JACKSON, Miss. – On Wednesday, August 7, 2019, the United States District Court Southern District of Mississippi issued a ruling in Hopkins v. Hosemann. The Southern Poverty Law Center, along with the law firm Simpson Thacher & Bartlett LLP, filed this case in March 2018 challenging Mississippi’s lifetime voting ban for people with disqualifying felony convictions who have completed their sentences, as well as Mississippi’s arbitrary legislative process for the restoration of voting rights. More than 68 percent of Mississippians support ending the lifetime voting ban, according to a December 2018 poll conducted by Tulchin Research.
 
Statement of Paloma Wu, senior staff attorney with the Southern Poverty Law Center:
 
“More than a century ago, Mississippi adopted a state constitution that was specifically intended to prevent freed Black people and their descendants from gaining political influence, in part by blocking their access to the ballot box.
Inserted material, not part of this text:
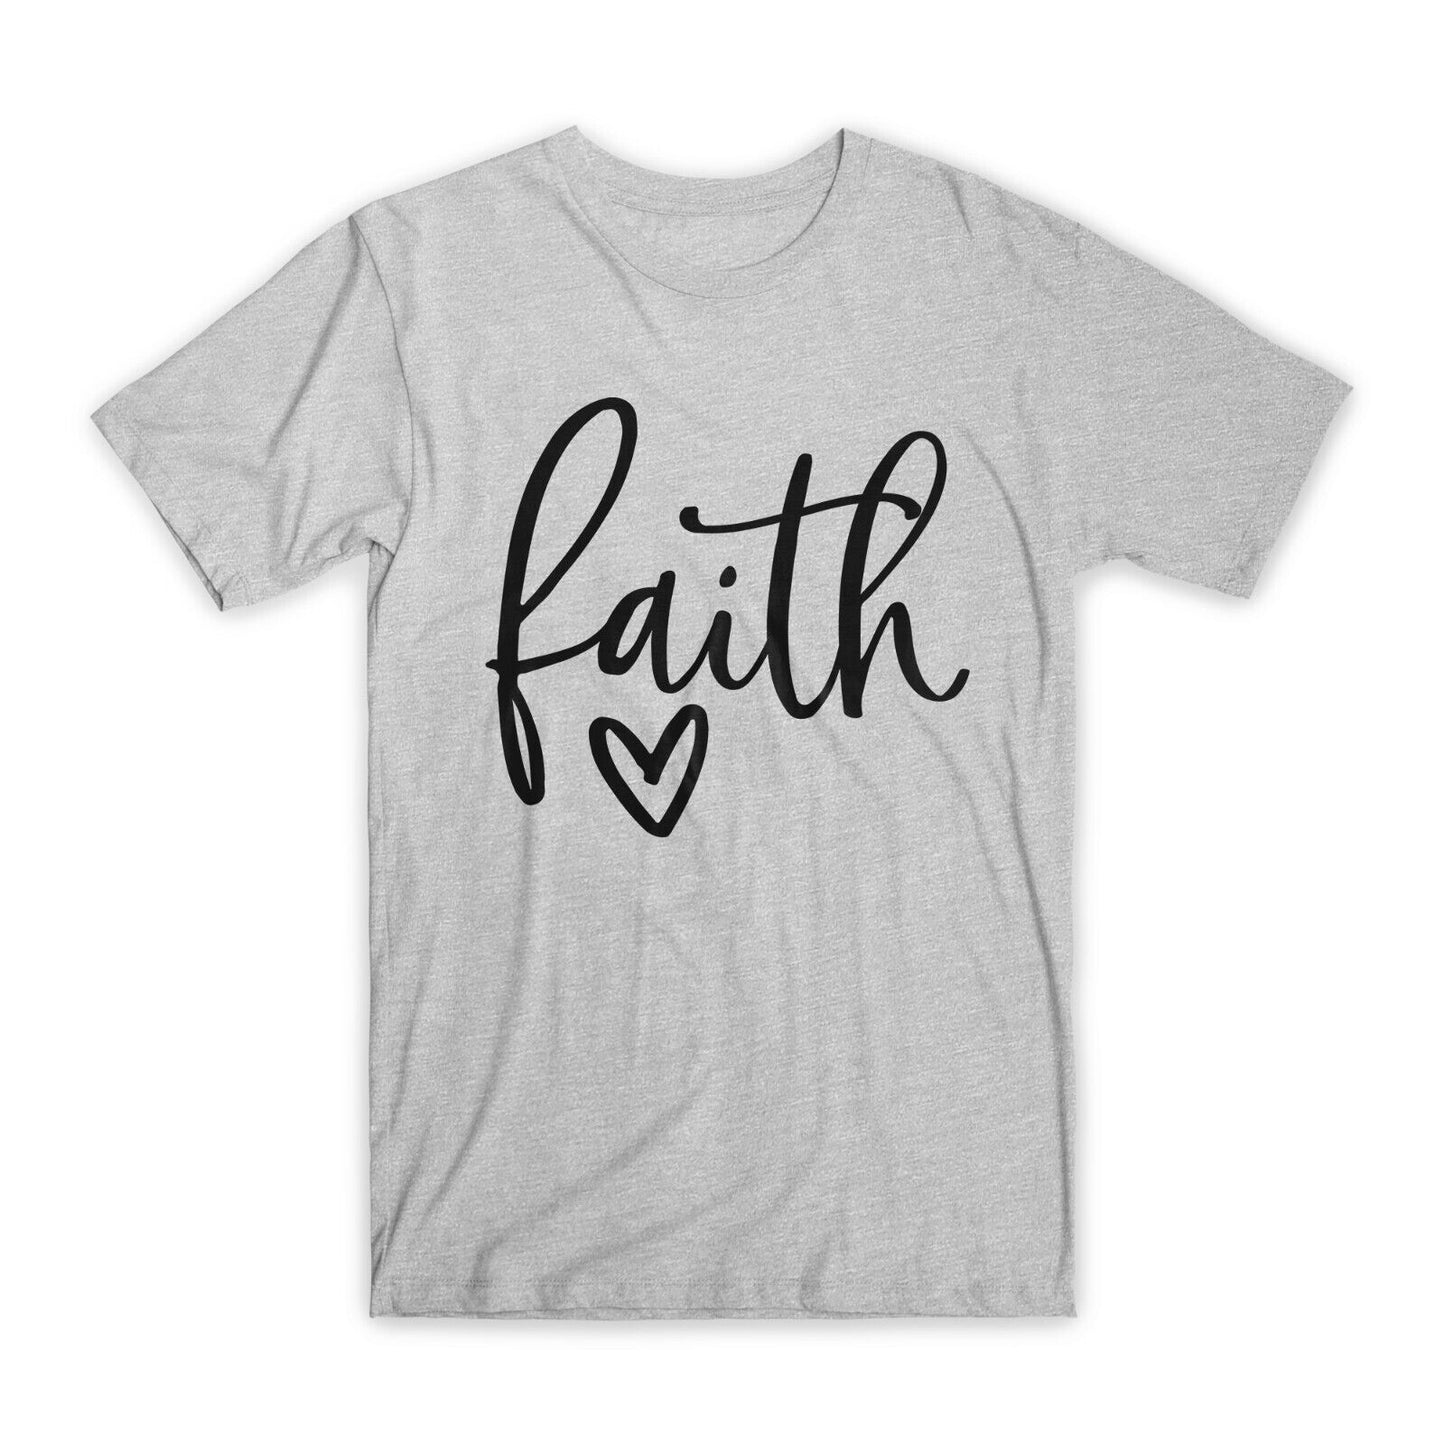 Faith Heart Printed T-Shirt Premium Soft Cotton Crew Neck Funny Tees Gifts NEW

Mississippians impacted by the state’s unjust and outdated lifetime voting ban and its arbitrary legislative process for the restoration of voting rights should be encouraged by the Court’s ruling, which found that our Plaintiff class had standing to challenge them. Our clients are eager to move forward—to appeal our claims and to proceed on the critical discriminatory intent claim the Court ruled should proceed to trial.
 
“The origins of our state’s lifetime voting ban for people with past, disqualifying felony convictions is rooted in racial discrimination and strips returning citizens who have paid their debt to society of their voice in our democratic process. Our clients look forward to their day in court where we will argue that the current process for re-enfranchisement is racially discriminatory.”
 
Statement of Jonathan Youngwood with Simpson Thacher & Bartlett LLP:
 
“We are pleased that this case is moving forward, and that the court has both given us an avenue to seek an appeal in the Fifth Circuit and preserved a very important claim for trial. The right to vote is the cornerstone of a functioning democracy.  This case concerns important issues that directly affect the rights and lives of tens of thousands of Mississippi citizens who have paid their debt to society and should be welcome as full members of their communities.”